Scientific classification
- Kingdom: Animalia
- Phylum: Chordata
- Class: Aves
- Order: Passeriformes
- Family: Thamnophilidae
- Genus: Hylophylax
- Species: H. naevioides
- Binomial name: Hylophylax naevioides (Lafresnaye, 1847)

= Spotted antbird =

- Genus: Hylophylax
- Species: naevioides
- Authority: (Lafresnaye, 1847)
- Conservation status: LC

Species of bird

The spotted antbird (Hylophylax naevioides) is a species of bird in subfamily Thamnophilinae of family Thamnophilidae, the "typical antbirds". It is found in Colombia, Costa Rica, Ecuador, Honduras, Nicaragua, and Panama.

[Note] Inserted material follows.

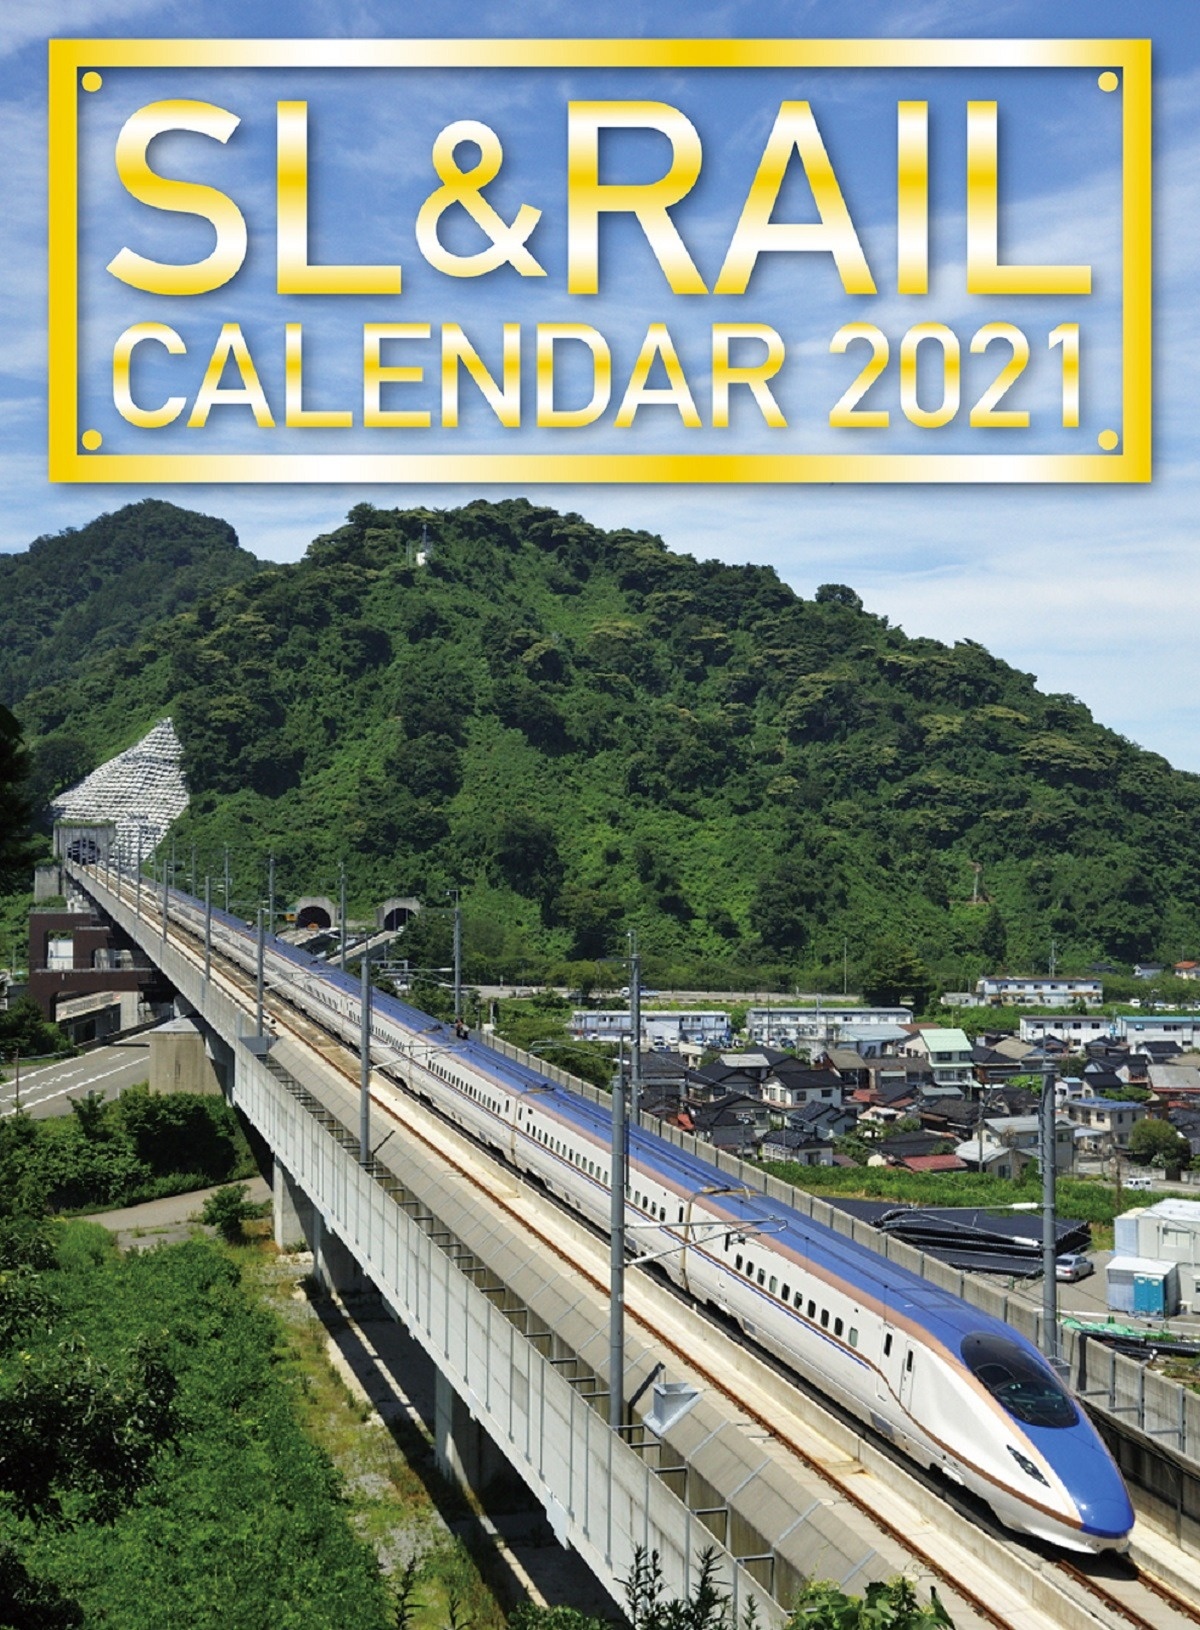 鉄道カレンダー の鉄分が今回も高い E261系 サフィール踊り子 やn700s確認試験車も 21年版 トレたび 鉄道 旅行情報サイト

==Taxonomy and systematics==

The spotted antbird was described by Frédéric de Lafresnaye in 1847 as Conopophago naeivoides ("spotted gnateater") and later transferred to genus Hylophylax that had been erected in 1909 by Robert Ridgway. It shares the genus with the spot-backed antbird (H. naevius) and dot-backed antbird (H. punctulatus). It and the spot-backed antbird have been treated as sister species.

The spotted antbird has two subspecies, the nominate H. n. naevioides (Lafresnaye, 1847) and H. n. capnitis (Bangs, 1906).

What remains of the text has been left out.